Optimizing RAM Usage: lgb.Dataset Creation from CSV by columns

microsoft / LightGBM

A fast, distributed, high performance gradient boosting (GBT, GBDT, GBRT, GBM or MART) framework based on decision tree algorithms, used for ranking, classification and many other machine learning tasks.

https://lightgbm.readthedocs.io/en/latest/

MIT License

16.7k stars 3.83k forks source link

Optimizing RAM Usage: lgb.Dataset Creation from CSV by columns #6358

Open jaguerrerod opened 8 months ago

jaguerrerod commented 8 months ago

Is there a way to generate an lgb.Dataset by reading a file column-wise? I don't think so, but I'm not sure why this functionality doesn't exist. Dataset creation is a bottleneck that prevents us from utilizing all the RAM. Once the bins for each variable are created, especially if there are few like in my case (around 25 numeric values per variable), the dataset size is drastically reduced. However, to achieve this, we need to load the data into RAM, typically from a disk file, and this intermediate step consumes several times the RAM required by the lgb.Dataset. In practice, if we have X RAM, we can only use X/2 or even less. Would it not be possible to read a CSV where each row contains the data for one column, perform binning, and sequentially free up the RAM? Is there any other alternative to fully utilize all the RAM?

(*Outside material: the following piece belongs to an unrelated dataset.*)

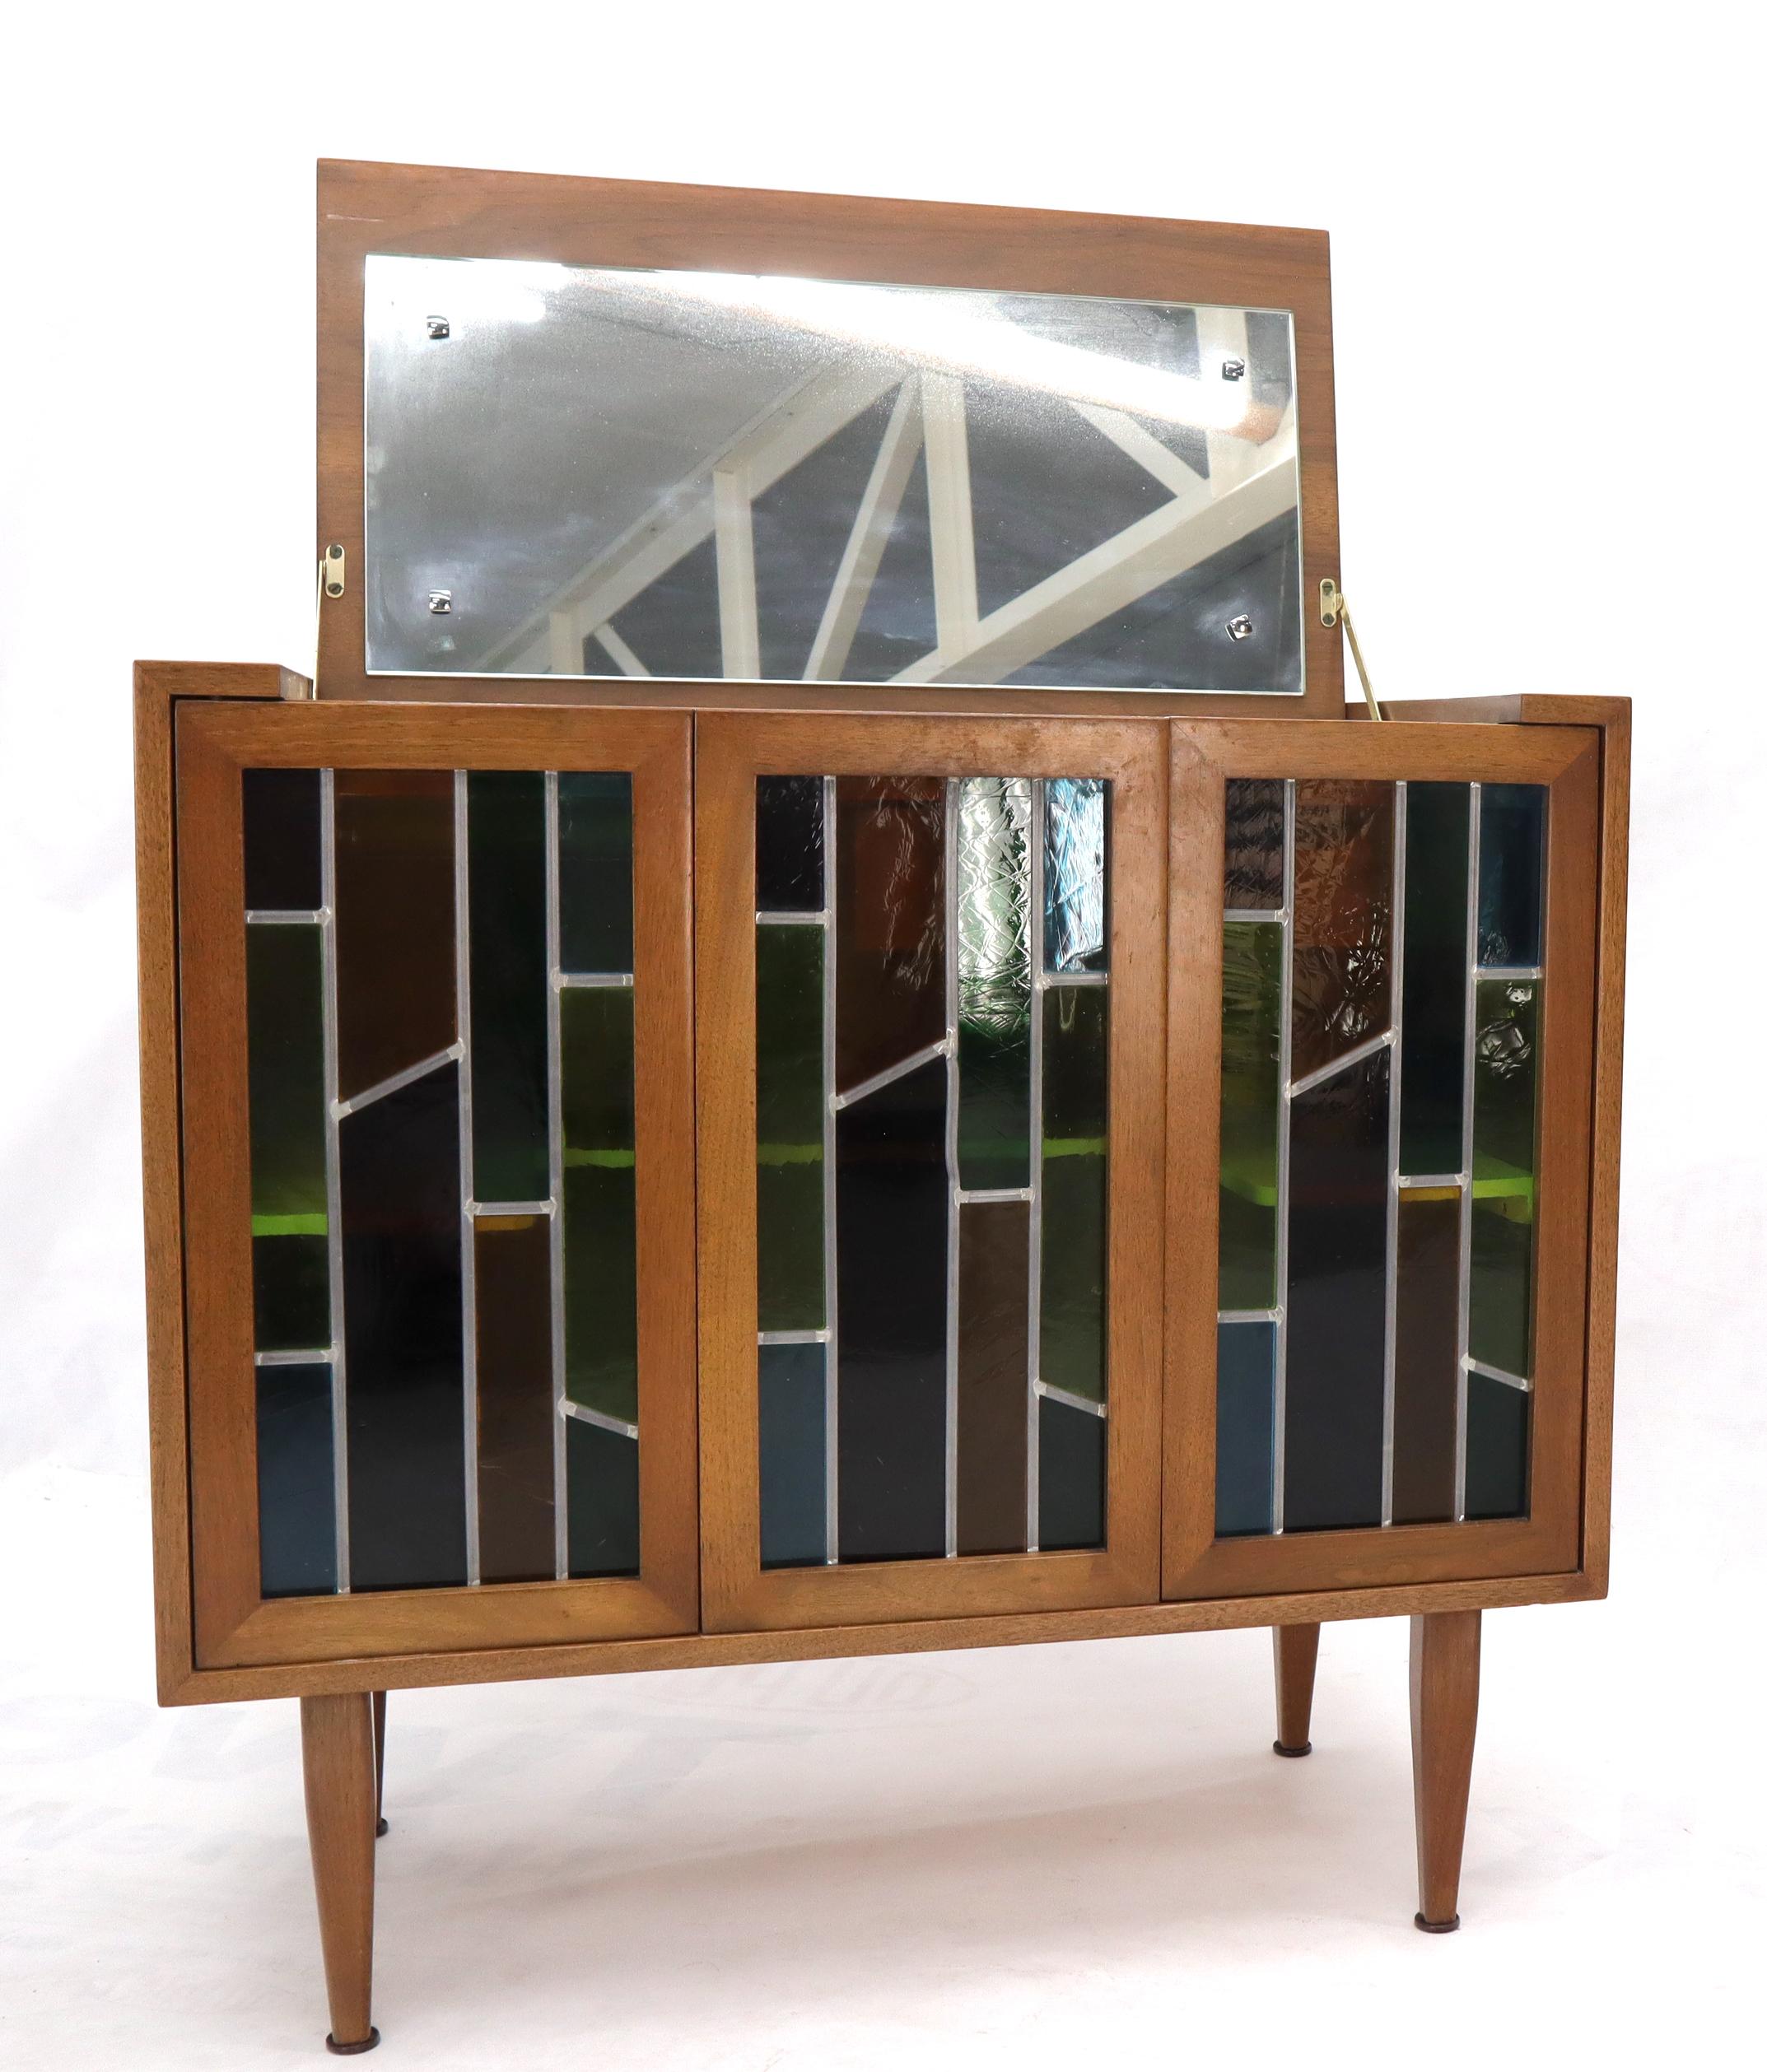 Paire d'armoires vintage en noyer de bonne qualité, de style Mid-Century Modern. L'armoire pliante en verre teinté est dotée d'un plateau en miroir relevable, de charnières en laiton, d'éclairages internes et peut servir d'armoire à liqueurs ou de
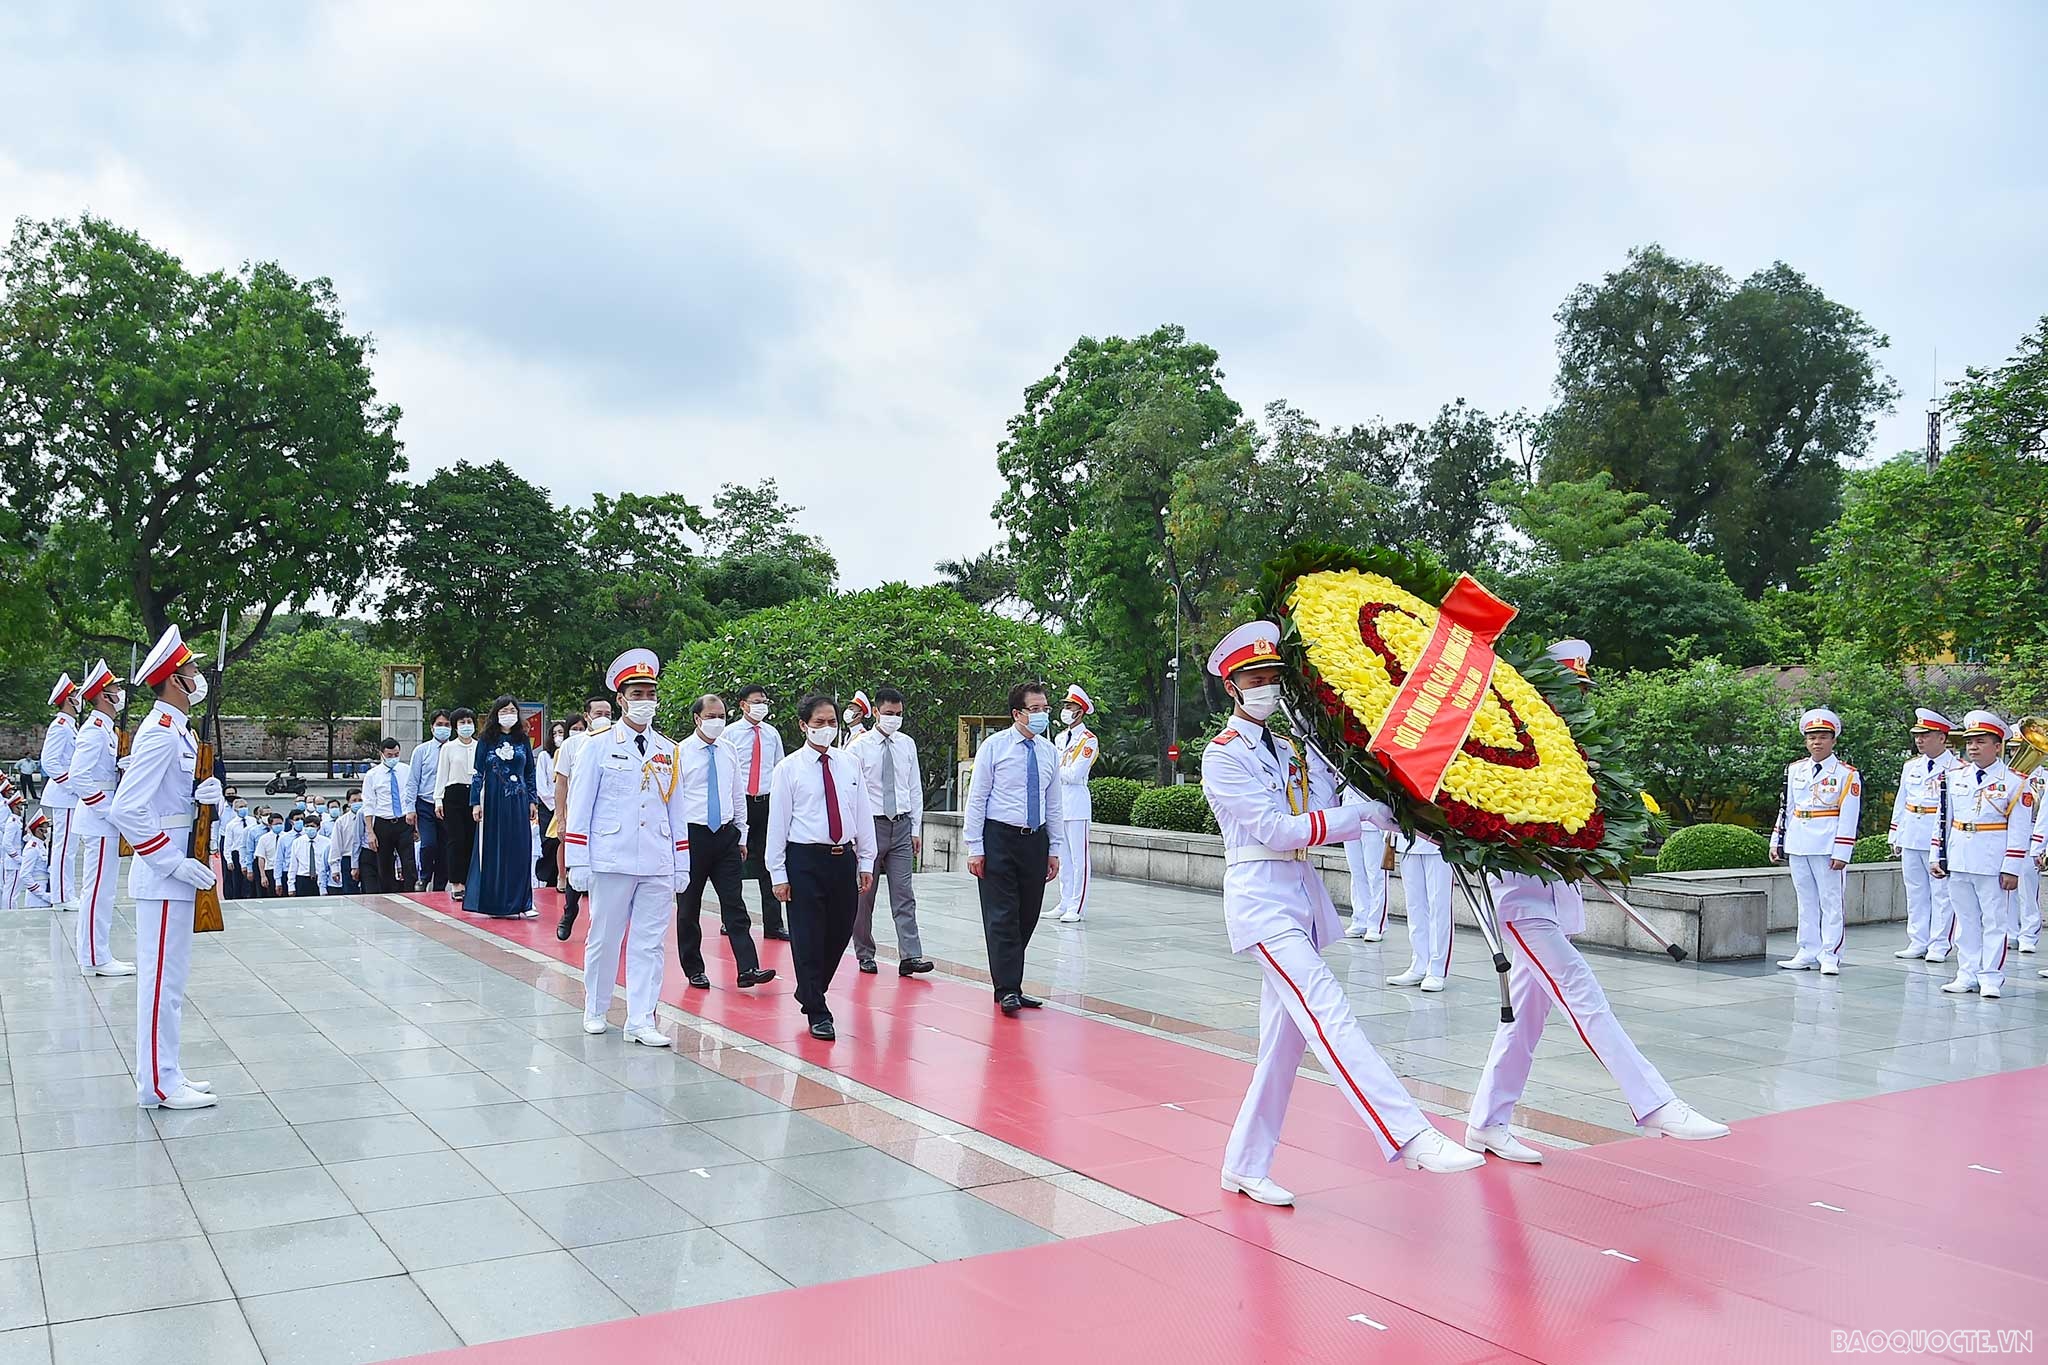 Đoàn Bộ Ngoại giao viếng Chủ tịch Hồ Chí Minh dịp kỷ niệm 131 năm Ngày sinh nhật của Người

jmoralez commented 8 months ago

Hey @jaguerrerod, thanks for using LightGBM. You can create single column datasets one at a time and add them to your full dataset. Here's an example:

import lightgbm as lgb
from sklearn.datasets import make_regression

X, y = make_regression(n_features=5)
# create dataset with single column and target
ds = lgb.Dataset(X[:, [0]], y, feature_name=['x0']).construct()
# add the rest of the columns, these can be read from a file one at a time
for j in range(1, X.shape[1]):
    ds.add_features_from(lgb.Dataset(X[:, [j]], feature_name=[f'x{j+1}']).construct())
print(ds.num_feature())
# 5

Please let us know if you have further doubts.

jaguerrerod commented 8 months ago

Great, Thank you! Does it works in R? If not, Could I construct the dataset in python, save it and load from R?

jmoralez commented 8 months ago

I think the R package doesn't have that feature (I looked for calls to LGBM_DatasetAddFeaturesFrom in R's Dataset and didn't find any), but you should be able to save it from Python and load it in R.

jaguerrerod commented 8 months ago

It would be great to have this in the R interface, but at least using Python to generate the dataset incrementally is a workaround. Thank you.

jameslamb commented 8 months ago

would be great to have this in the R interface

Would you like to contribute that? We'd welcome the help.

jaguerrerod commented 8 months ago

Unfortunately, I lack knowledge of C++ for this task. I could offer a reward if someone is willing to do the work for me, but I am unaware of where to post such a request. If anyone interested contacts me, we can discuss it further, and of course, it would be for incorporation into the master and sharing it with the community.

jameslamb commented 8 months ago

No problem, thanks anyway for considering it.